June 2020

Website:

  • Moved bulk data releases from an API endpoint to the /download/ section.

Data:

  • Removed a number of duplicate volumes (see bug #1322).
  • Corrected a number of citations containing strange characters (see bug #960).
  • 20200604 bulk data release including citation fixed, duplicate volume fixes, and cites_to field.

April 2020

Website:

  • Linked citations in cases to cited case.

API:

  • Cases Endpoint:
    • Added cites_to field to list cases cited.
    • Added cites_to filter to find cases citing to a case.

Data:

  • Added /download/citation_graph/ folder.

March 2020

API:

  • Cases Endpoint:
    • Raise max results per request to 10,000.

Data:

  • Merged duplicate New York reporters (see bug #1420).

February 2020

Website:

  • Added /download/ section to download files.
  • Added opt-in ability for user to track their previously-viewed cases.
  • Cases now link to per-case PDFs.

Data:

  • Added to Downloads section:
    • scdb/ folder with SCDB to CAP matchups.
    • PDFs/ folder with full volume scans.
    • illustrations/ folder with extracted figures and illustrations from cases.

API:

  • Cases Endpoint:
    • Removed the format=html and format=xml parameters, which previously caused the case detail endpoint to return either HTML or XML instead of JSON. API will always return JSON, with case body format still controllable via body_format.
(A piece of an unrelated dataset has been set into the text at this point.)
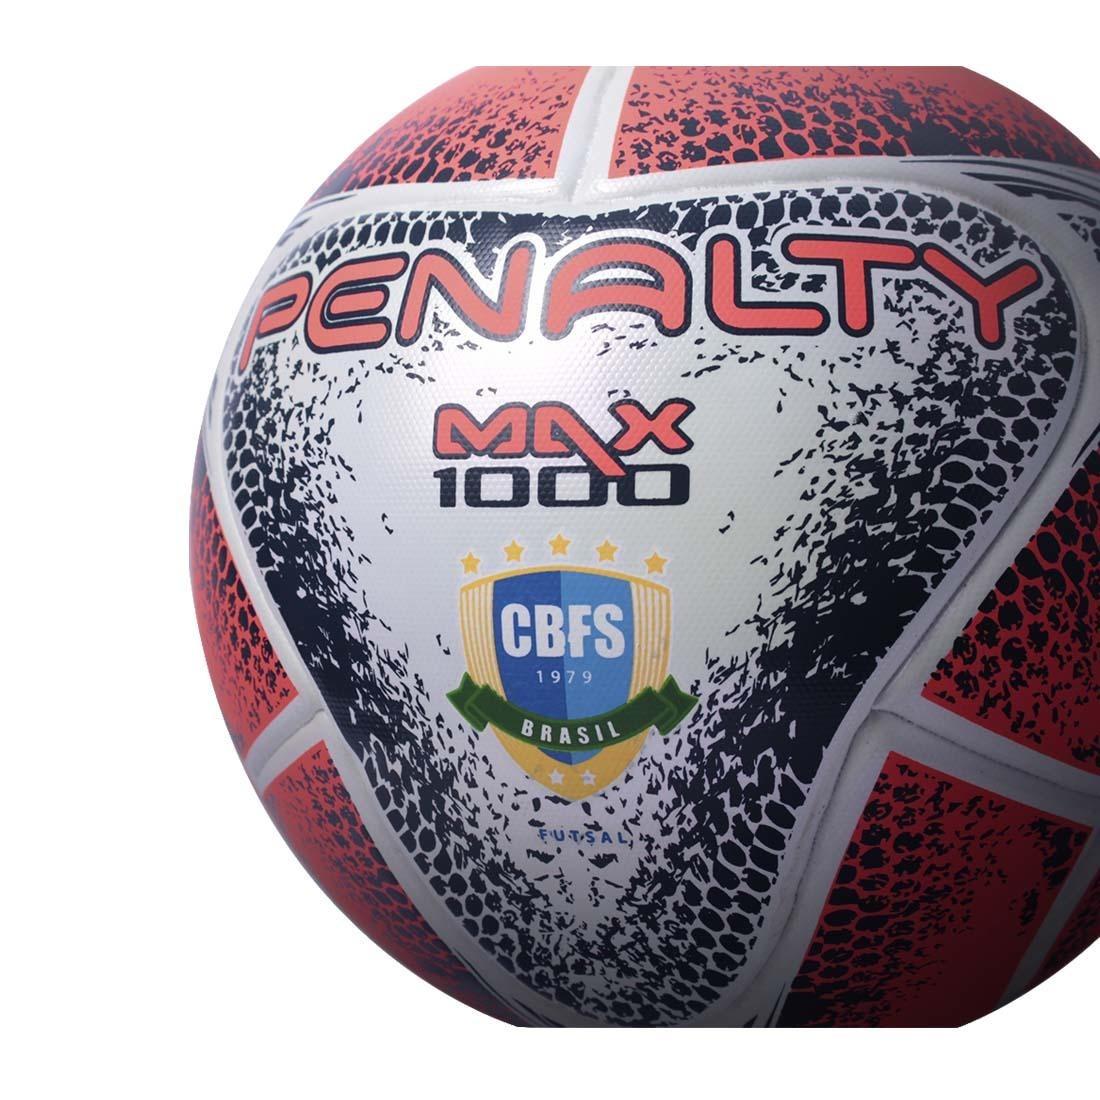 8170b5a68f Bola Futsal Penalty Max 1000 Aprovada Fifa 2018 Na Caixa - R  203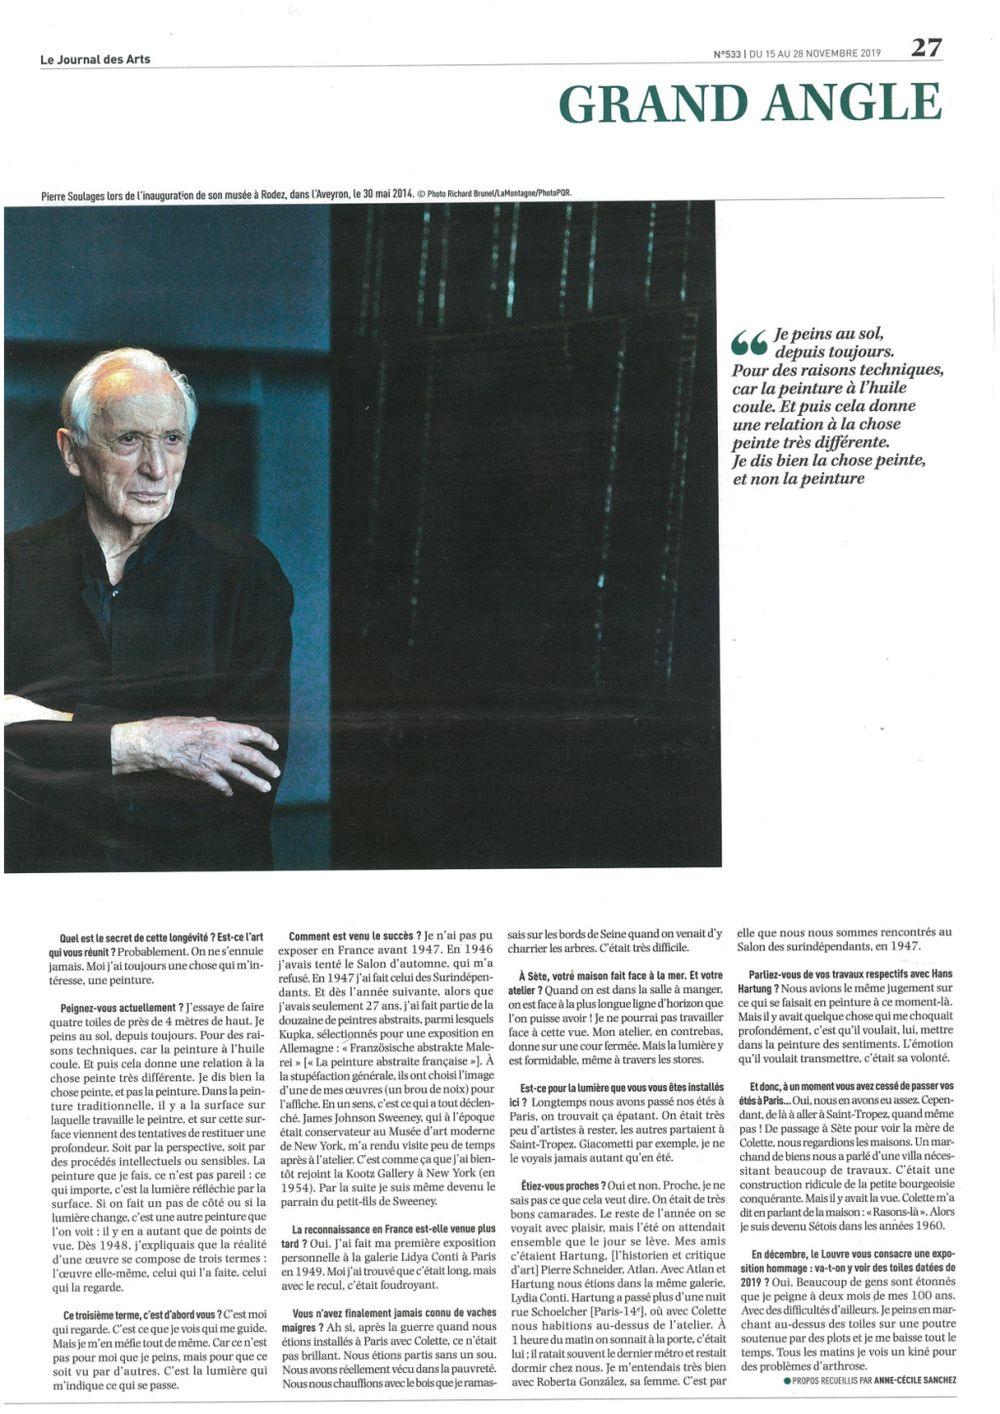 Le Journal des Arts | Pierre SOULAGES

Requests for format=html will redirect to the frontend case browser, which shows identical contents to what format=html used to return.
  • Volumes Endpoint:
    • Added pdf_url field to volumes endpoint.
  • User History Endpoint:
    • Added opt-in ability for user to retrieve their previously-viewed cases via API.

January 24, 2020

API:

  • Cases Endpoint
    • Default sort for full-text search is now relevance, rather than decision date.
  • Search
    • Default sort for full-text search is now relevance, rather than decision date.
    • Added Sorting field to case endpoint searches. You can now sort by decision date, and relevance.

January 19, 2020

Security:

  • Added a dmarc record for the case.law domain. Thanks to Kashif Shoukat for the suggestion!

January 16, 2020

Data:

  • 99% of US Supreme Court cases have been matched to SCDB, and now have SCDB citations like "SCDB 1970-131" as well as parallel citations drawn from SCDB. Add a new "vendor" category of citations, used for citations to other vendors' databases.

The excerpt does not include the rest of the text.